Lake Effect – Spring 2009
Volume 13
Spring 2009
Annual
Robbie Dressler
Lake Effect is an annual publication out of Penn State featuring fiction, poetry, and literary nonfiction. Arranged in sections by genre, the journal makes for easy negotiating. The book feels large, solid and is printed in easily legible font.
Lake Effect is an annual publication out of Penn State featuring fiction, poetry, and literary nonfiction. Arranged in sections by genre, the journal makes for easy negotiating. The book feels large, solid and is printed in easily legible font.
The literary nonfiction is particularly strong in this issue, especially “Point of Entry” by J. Malcolm Garcia. Garcia was a former social worker who switched to a career as a foreign correspondent and found himself in Afghanistan in 2001 right after 9/11. Throughout the story, Garcia fears he will be too green to pick out the subtleties of a war torn Afghanistan, but discovers “This is a ghetto man. I may not know where Afghanistan is on the map but I know ghetto.”
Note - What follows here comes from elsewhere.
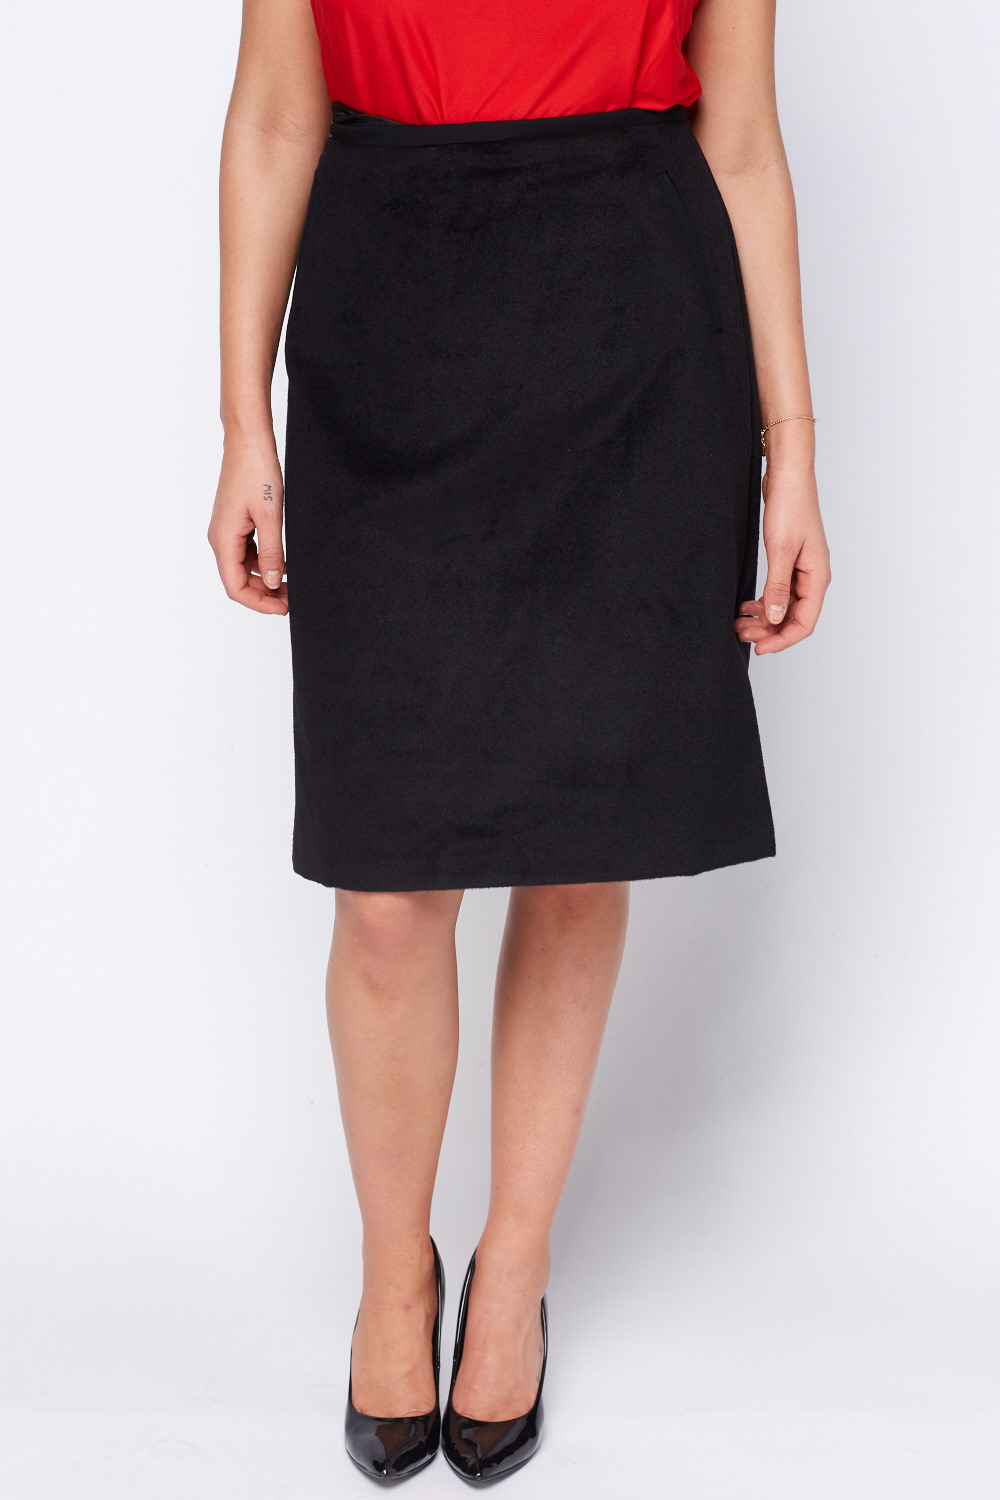 Fleece Woven Black Skirt - Just $7

The fiction selections offer a wider variety of tone and subject matter. The first piece in the journal, “Hapax Legomenon” by Michael Czyzniejewski, is an interesting choice to open with. Marvie, the main character, works at a pirate-themed mini golf course owned by his deranged mother and looks forward to the eventual development of the fun center into a respectable country club with a nine-hole golf course. Several times in the story Marvie is beaten and tortured by the employees who take care of the go-carts. They don’t want the course changed. In one scene, they tie him up in front of the pitching machine, put in twenty dollars’ worth of quarters, and leave him there overnight. The story is darkly funny with an almost cartoonish quality to it.
“A Hole in the Script,” by Mark Brazaitis, is a quirky story detailing the attempts of various directors and actors to interpret an ambiguous pause written into the script of a play. The interpretations vary wildly, causing one director to tell his actors “I have betrayed you all merely by bringing you here,” and, “I was foolish to think I could protect you.”
My favorite piece in this publication is “Twenty-First Century Itch” by Josh Green. The story starts with twangy sort of dialect I feared might weigh down the narrative flow, but I was pleasantly surprised at Green’s ability to dial the technique back when appropriate, allowing a charming and sad story to unfold. The narrator in the story has just lost his wife to a strange skin disease and throws a bottle at a man in a restaurant whose yuppie appearance annoys him. As the man confronts him, we get flashbacks of the narrator’s experiences with his wife. Any story about this kind of topic runs the risk of being overly sentimental, but Green handles it deftly, balancing lines like “the outlet mall, as I came to find out, isn’t so bad when you’re shopping for somebody” with “for a minute I was inclined to saunter back in and hug his wife. Or maybe lick her face.”
I found everything in Lake Effect is straightforward and to the point, which is refreshing in a medium that sometimes veers to the overly edgy in an attempt to stand out.